Task description
Leaving the pictures aside, restate all of the data exactly.

═════ Supplied data

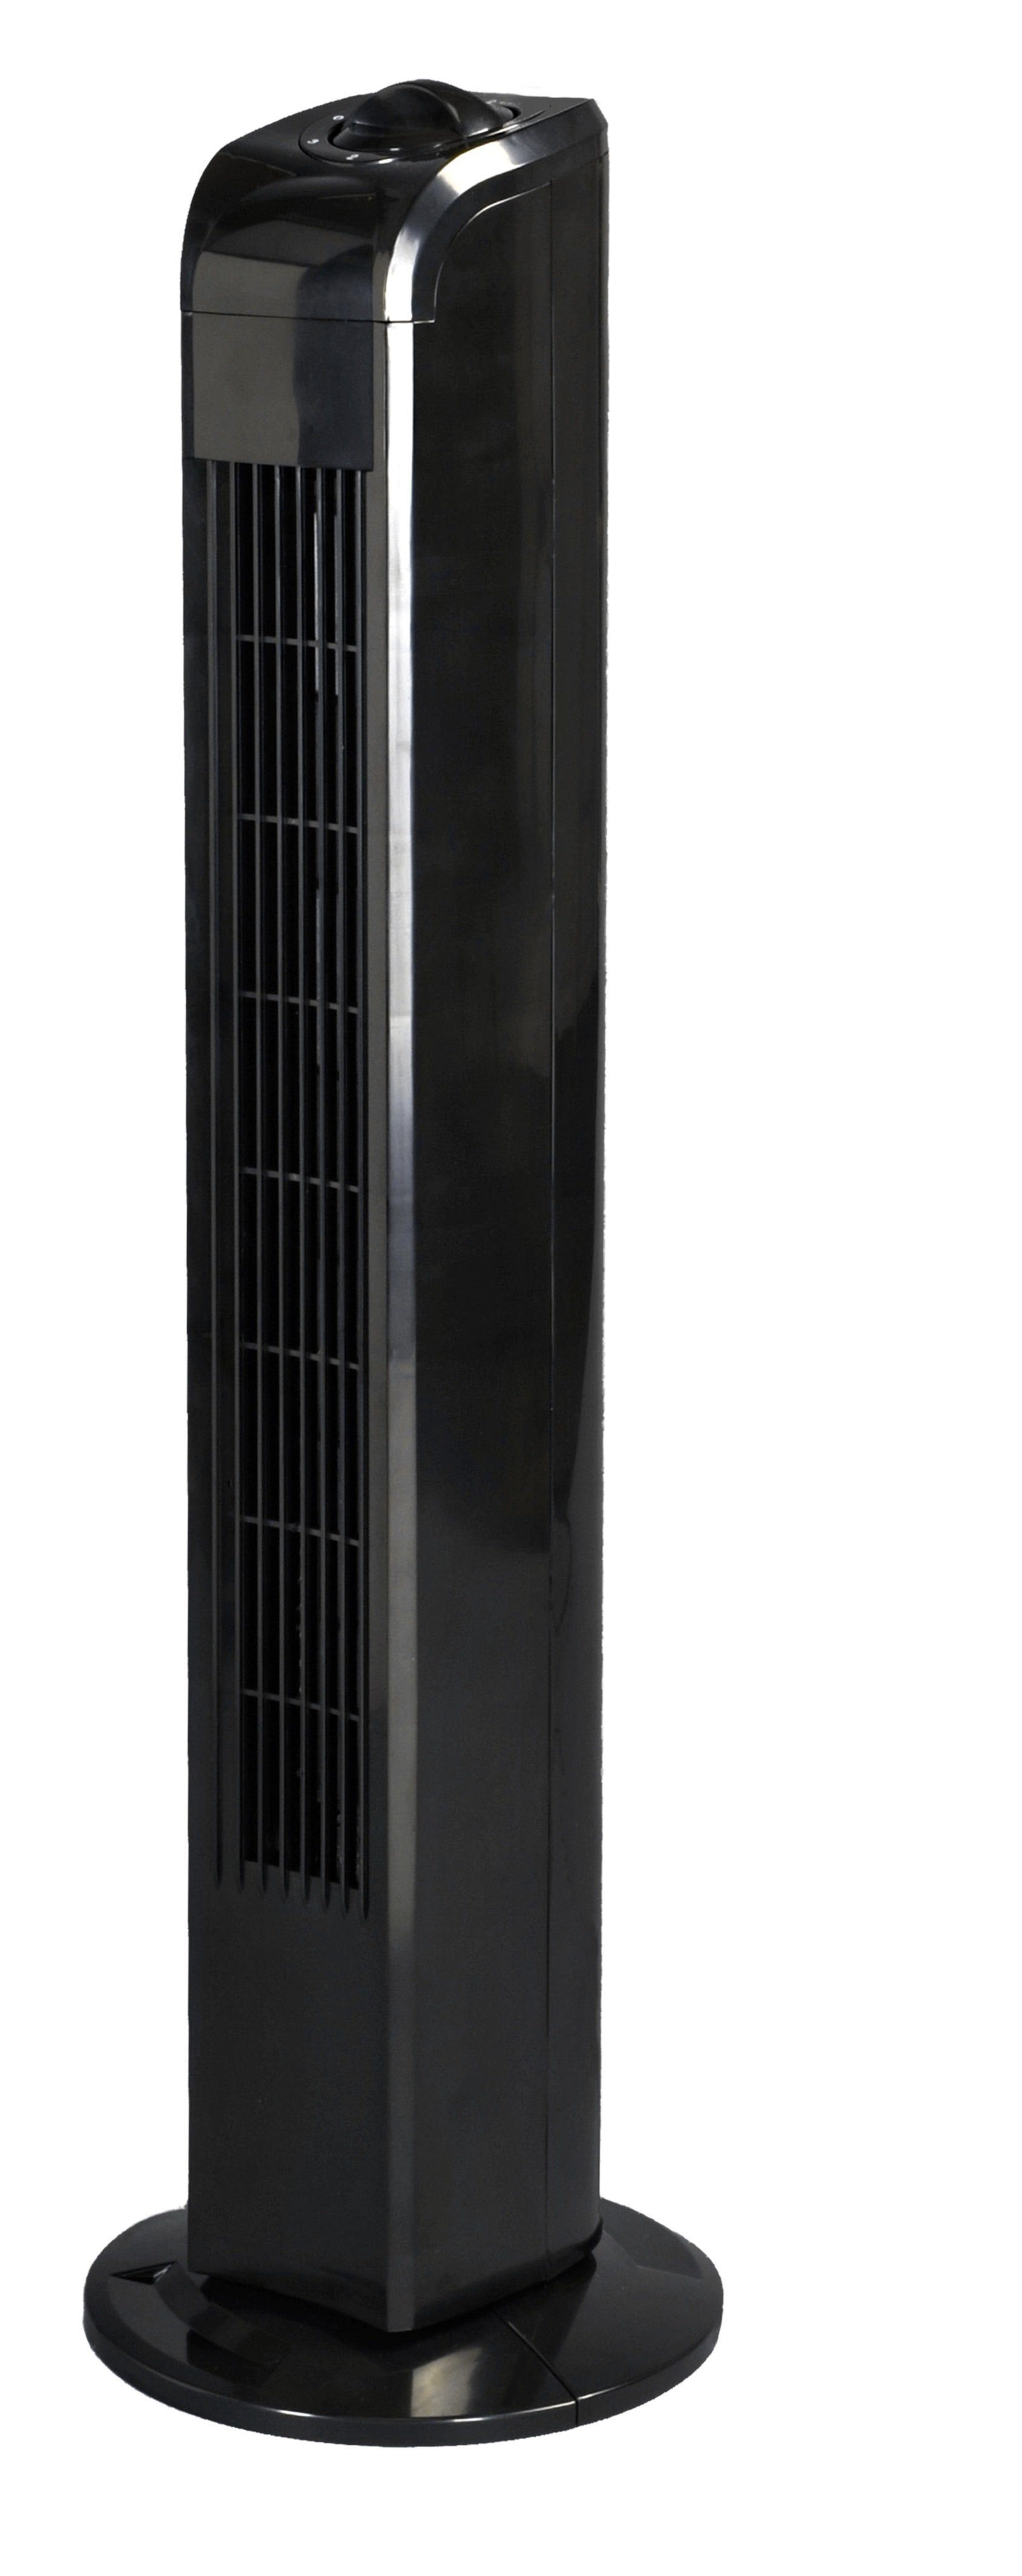 JUNG Turmventilator TVE22 Ventilator 76cm Turmventilator Вентиляторы, 75° Oszillation, Standventilator, 50W Turmlüfter, bis 40m², leise, Вентиляторы
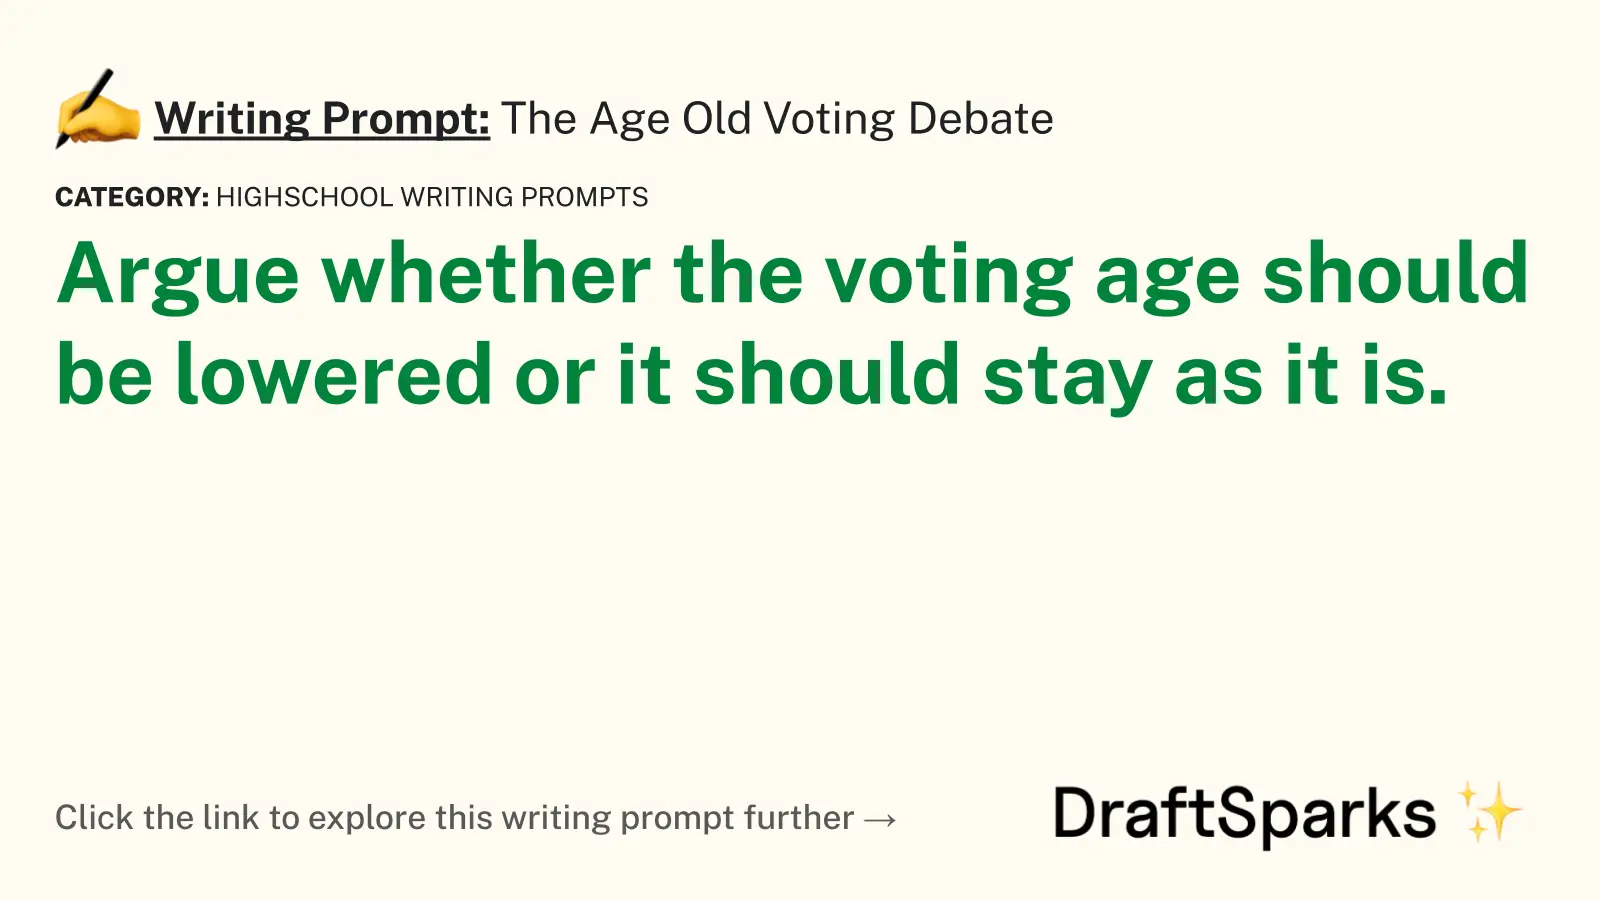 The Age Old Voting Debate
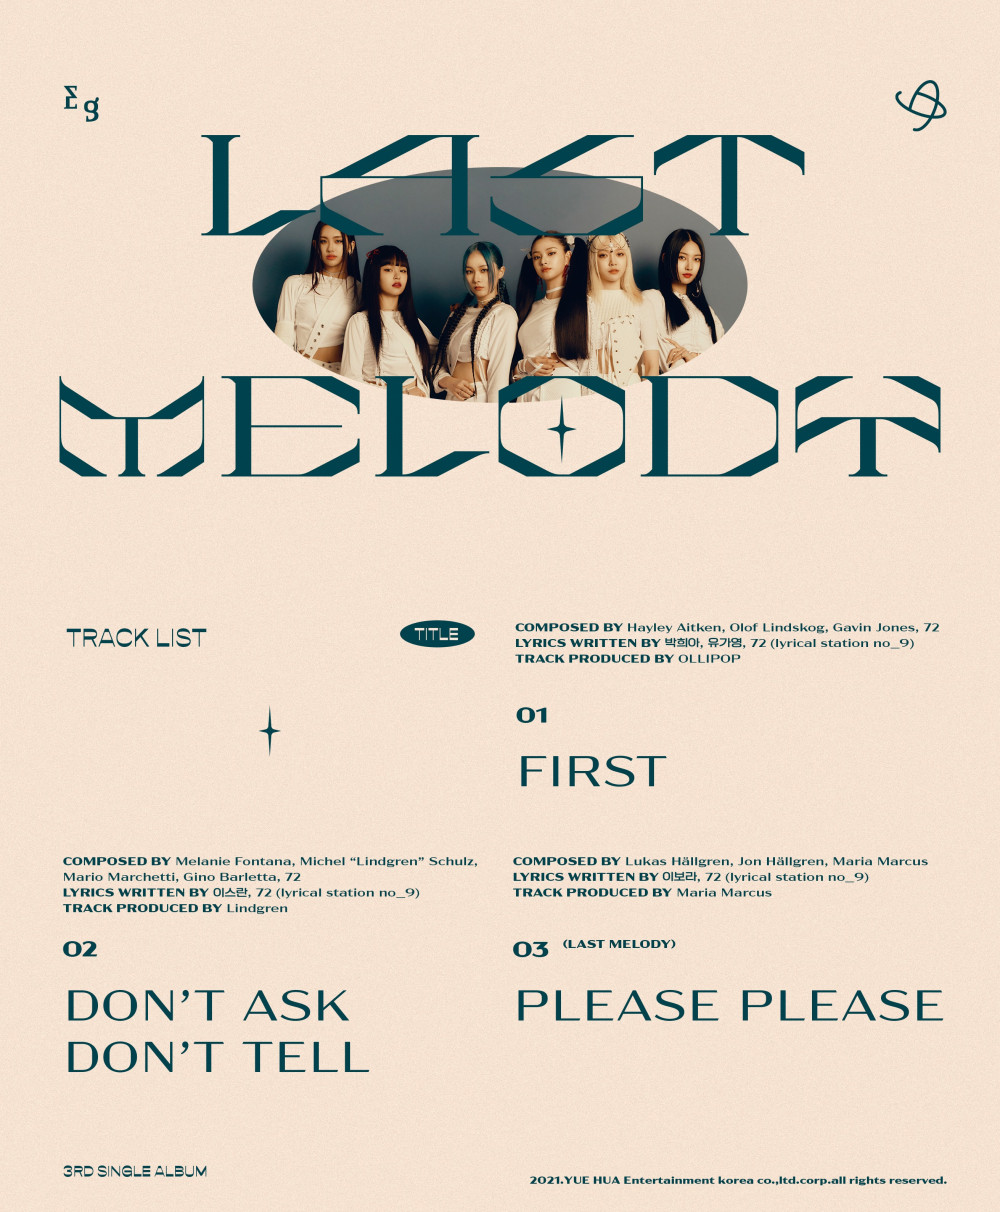 [Камбэк] EVERGLOW альбом "Last Melody": музыкальный клип "First"
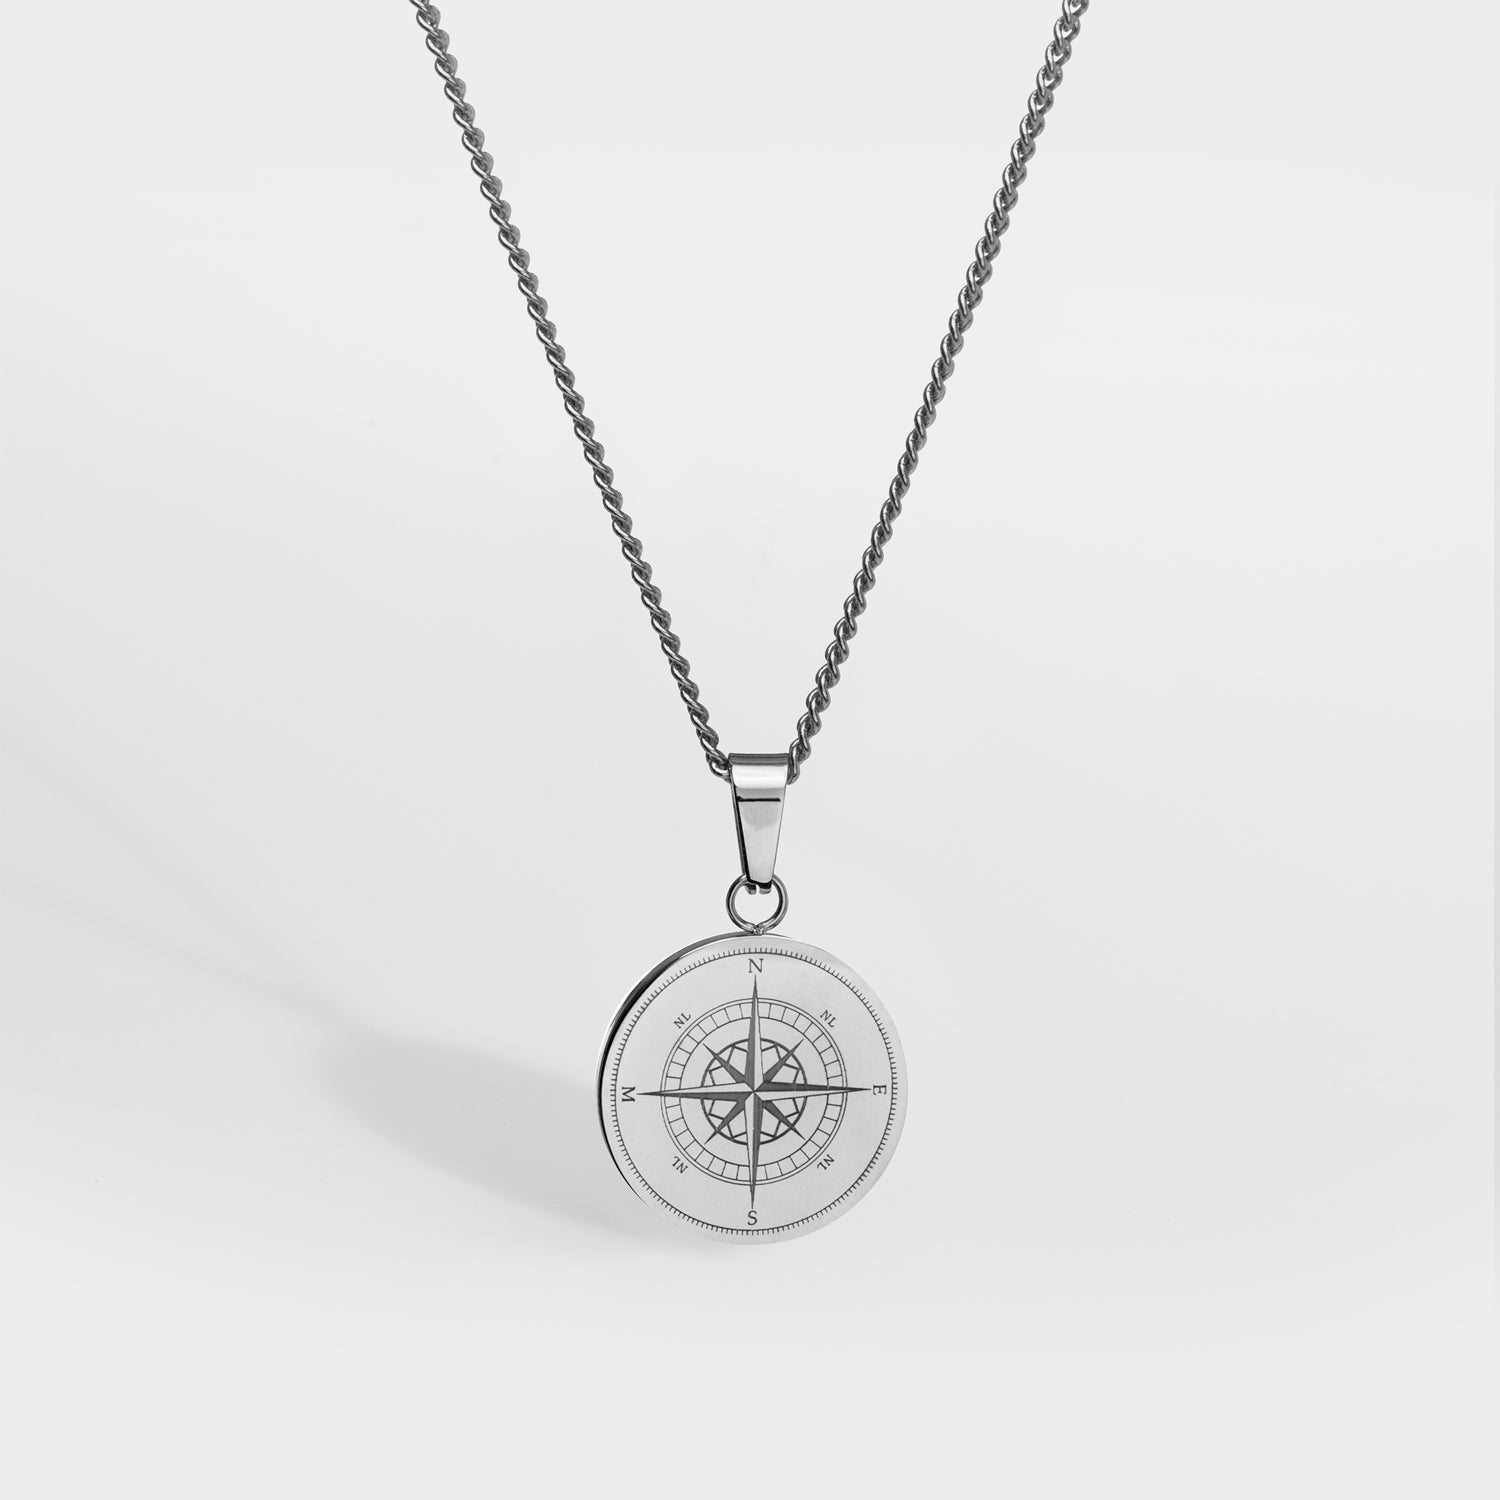 NL Compass pendant - Silver-toned

══════════

Answer to the exercise
 JUNG Turmventilator TVE22 Ventilator 76cm Turmventilator Вентиляторы, 75° Oszillation, Standventilator, 50W Turmlüfter, bis 40m², leise, Вентиляторы
 The Age Old Voting Debate
 [Камбэк] EVERGLOW альбом "Last Melody": музыкальный клип "First"
 NL Compass pendant - Silver-toned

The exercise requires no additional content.